What changes are included in this PR?

Are these changes tested?

Are there any user-facing changes?

pitrou · 2025-01-23T17:01:06Z

@ursabot please benchmark

ursabot · 2025-01-23T17:01:12Z

Benchmark runs are scheduled for commit f681035. Watch https://buildkite.com/apache-arrow and https://conbench.ursa.dev for updates. A comment will be posted here when the runs are complete.

pitrou · 2025-01-23T17:24:00Z

@ursabot please benchmark

ursabot · 2025-01-23T17:24:06Z

Benchmark runs are scheduled for commit a0503f3. Watch https://buildkite.com/apache-arrow and https://conbench.ursa.dev for updates. A comment will be posted here when the runs are complete.

pitrou · 2025-01-23T17:25:43Z

@icexelloss This is a quick experiment that you might want to try out on a real-world use case. I don't seem to get any tangible benefits on a synthetic dataset, though it might be due to memory fragmentation.

conbench-apache-arrow · 2025-01-23T17:32:39Z

Thanks for your patience. Conbench analyzed the 0 benchmarking runs that have been run so far on PR commit f681035.

None of the specified runs were found on the Conbench server.

The full Conbench report has more details.

conbench-apache-arrow · 2025-01-23T23:53:58Z

Thanks for your patience. Conbench analyzed the 4 benchmarking runs that have been run so far on PR commit a0503f3.

There were 775 benchmark results indicating a performance regression:

Pull Request Run on test-mac-arm at 2025-01-23 18:46:18Z
- TakeChunkedChunkedStringFewMonotonicIndices (C++) with params=4194304/1, source=cpp-micro, suite=arrow-compute-vector-selection-benchmark
- ListSliceStringListViewWithStop (C++) with params=65536/0, source=cpp-micro, suite=arrow-compute-scalar-list-benchmark
and 773 more (see the report linked below)
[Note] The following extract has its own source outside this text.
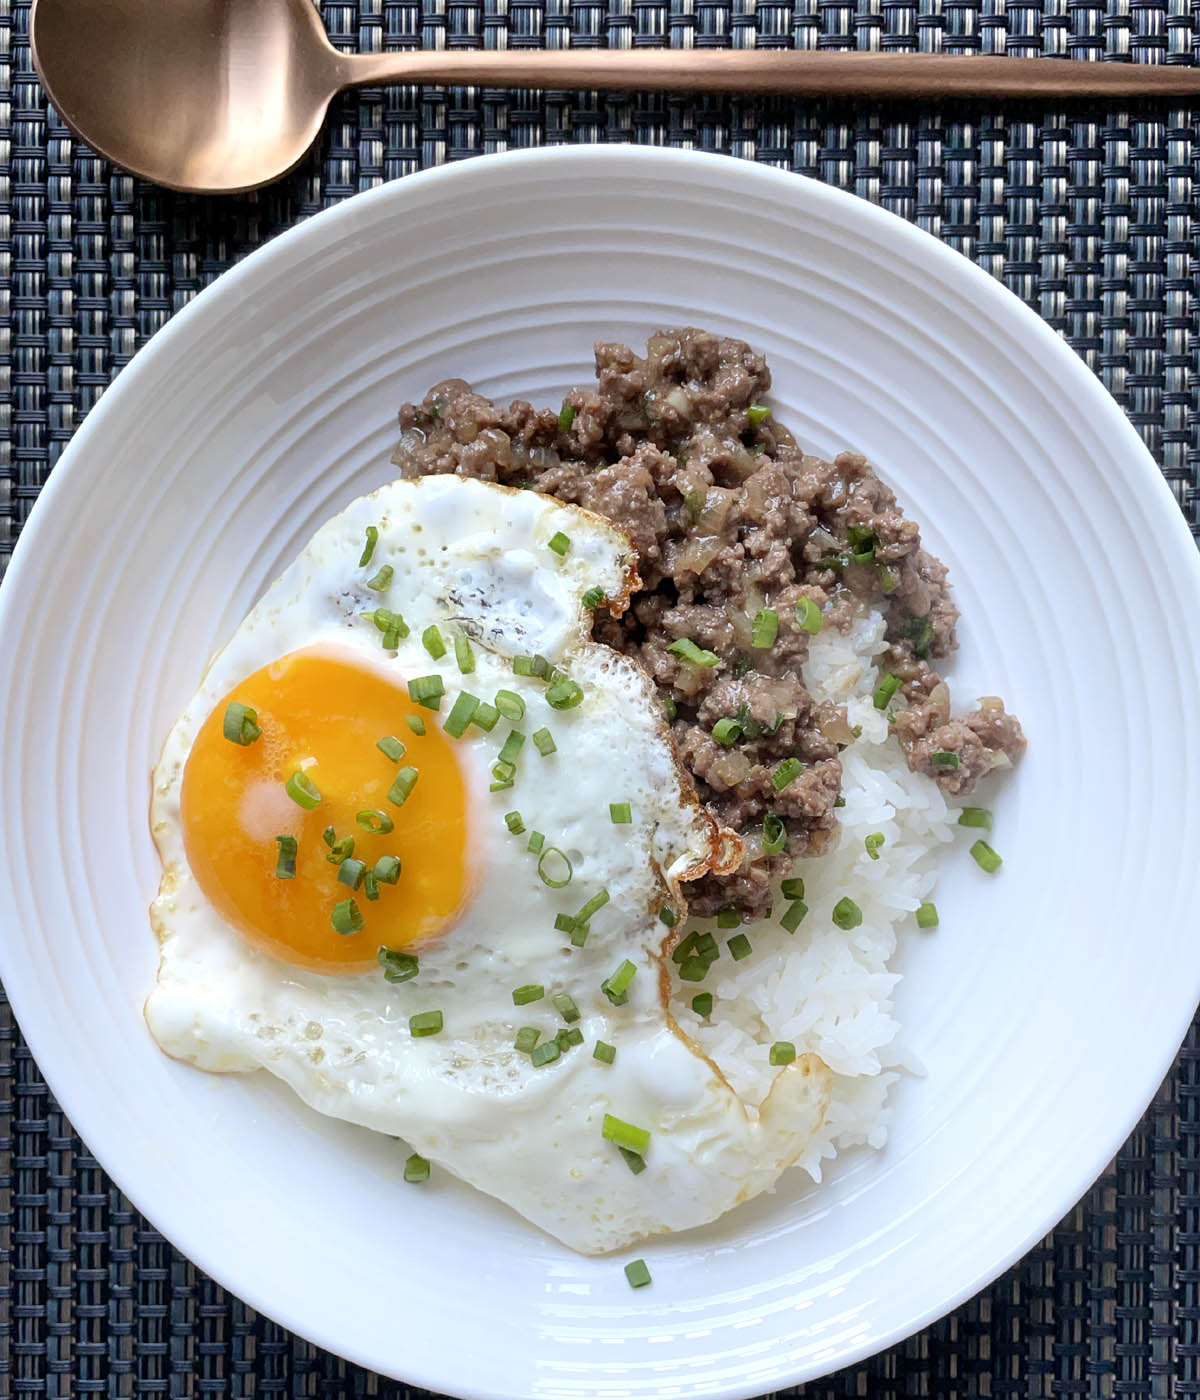 A round white dish containing white rice, ground meat, a sunny-side up fried egg, and chopped green onions.

The full Conbench report has more details.

pitrou · 2025-01-24T13:48:26Z

Ok, there are so many unrelated "regressions" in the report above that I'm going to launch another benchmarking run, as it's likely that external factors have influenced that run.

pitrou · 2025-01-24T13:48:33Z

@ursabot please benchmark

ursabot · 2025-01-24T13:48:36Z

Commit a0503f3 already has scheduled benchmark runs.

pitrou · 2025-01-24T13:49:15Z

@ursabot please benchmark

ursabot · 2025-01-24T13:49:20Z

Benchmark runs are scheduled for commit 335a46b. Watch https://buildkite.com/apache-arrow and https://conbench.ursa.dev for updates. A comment will be posted here when the runs are complete.

conbench-apache-arrow · 2025-01-24T20:23:36Z

Thanks for your patience. Conbench analyzed the 4 benchmarking runs that have been run so far on PR commit 335a46b.

There were 23 benchmark results indicating a performance regression:

Pull Request Run on test-mac-arm at 2025-01-24 15:13:21Z
- BenchmarkTemporal (C++) with params=<Subsecond, non_zoned>/4194304/0, source=cpp-micro, suite=arrow-compute-scalar-temporal-benchmark
- FilterOverhead (C++) with params=selectivity_benchmark/batch_size:100000/null_prob:100/bool_true_prob:50/real_time, source=cpp-micro, suite=arrow-acero-filter-benchmark
and 21 more (see the report linked below)

The full Conbench report has more details.

icexelloss · 2025-01-27T16:16:30Z

@pitrou Thanks! cc @timothydijamco

timothydijamco · 2025-02-05T22:26:40Z

Thanks for this PR, seems like a good idea to try out.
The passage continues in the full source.